Weakly Supervised Cyberbullying Detection in Social Media

The following Great Innovative Idea is from Bert Huang, Assistant Professor of Computer Science at Virginia Tech. Huang presented his poster, Weakly Supervised Cyberbullying Detection in Social Media, at the CCC Symposium on Computing Research, May 9-10, 2016.

The Idea

One of my research topics that I’m most passionate about is on developing machine learning algorithms that detect cyberbullying in social media. Cyberbullying is a serious public health threat that is detrimentally shaping the online experience. And while Internet technology is rapidly amplifying our ability to communicate, it’s important to develop complementary technology to help mitigate the harm of such detrimental communication.

Computer programs that detect online harassment could allow automatic interventions, e.g., providing advice to those involved, but we don’t yet have machine learning algorithms that can handle the scale, the structure, and the rapidly changing nature of cyberbullying. Standard approaches for classification are hindered by the cost of labeling bullying examples and the need for social context to differentiate bullying from other less harmful behavior.

My group is developing machine learning algorithms that use weak supervision, where the input to the algorithm isn’t whether each interaction is bullying, but general indicators of bullying, such as offensive language. The algorithms try to extrapolate from that using social media data, considering who’s sending and receiving messages with the provided indicators, and the overall structure of the relationships in the data. The algorithms do collective, data-driven discovery of who is bullying, who’s being bullied, and what additional vocabulary is indicative of bullying.

Impact

Algorithms for cyberbullying detection can become a critical component of a holistic system to mitigate the harm of bullying. Such a system could include possible mechanisms like preventative filters, automated advice, and matchmaking for counseling. Various forms of bullying are linked to mental health issues, like depression and suicide. Cyberbullying may be even more dangerous. It can happen any time or anywhere, it can be persistent, and it can be very public.
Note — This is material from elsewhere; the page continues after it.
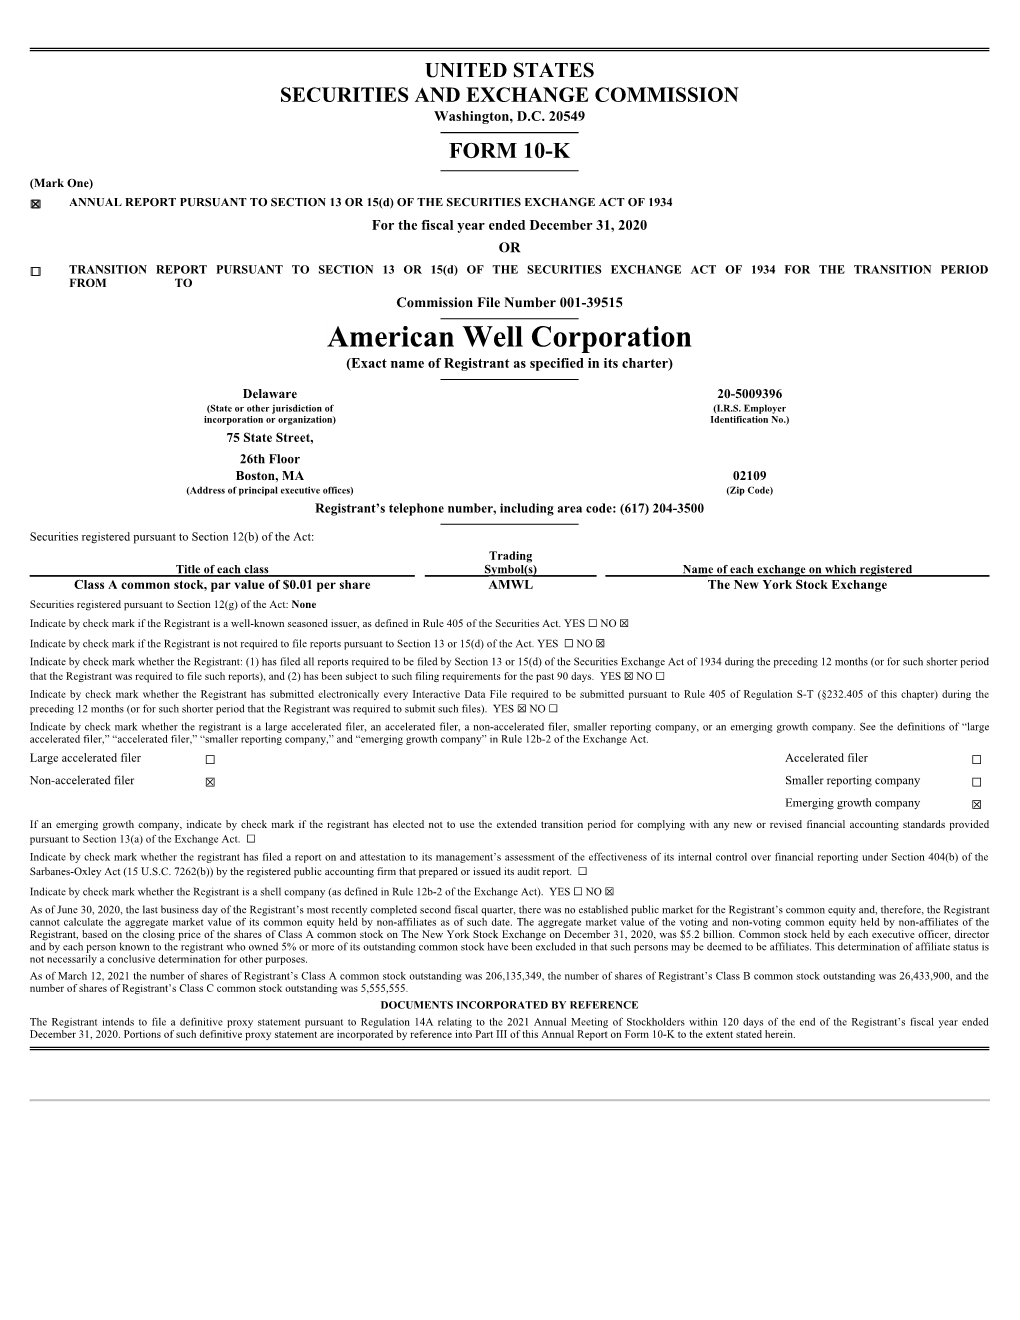 American Well Corporation (Exact Name of Registrant As Specified in Its Charter)

The toxic online social experience this can create is a serious health threat to Internet users, especially younger ones.

Phenomena like cyberbullying are different in nature and structure than things we’re used to modeling with machine learning, so there are important research problems to solve. As we solve them, we progress toward a world where computing can help improve peoples’ lives in a deeply social and personal manner.

Other Research

I direct the Machine Learning Laboratory in the Department of Computer Science at Virginia Tech. Our lab’s research focuses on machine learning for complex phenomena. Our research is driven by the fact that modern data comes from complex systems, such as social networks, where observations and variables are tightly dependent. We investigate theoretically justified algorithms for modeling and learning from such data. The underlying models we often work with include probabilistic graphical models and multi-relational graphs. New algorithms for working with these models enable large-scale applications in social network analysis, computational biology, and the Internet of Things—all examples of computing in complex environments.

Researcher’s Background

Since 2015, I’ve been an assistant professor at Virginia Tech. Prior to that, I was a postdoctoral research associate at the University of Maryland. I earned my PhD from Columbia University in 2011 and my undergraduate degree from Brandeis University.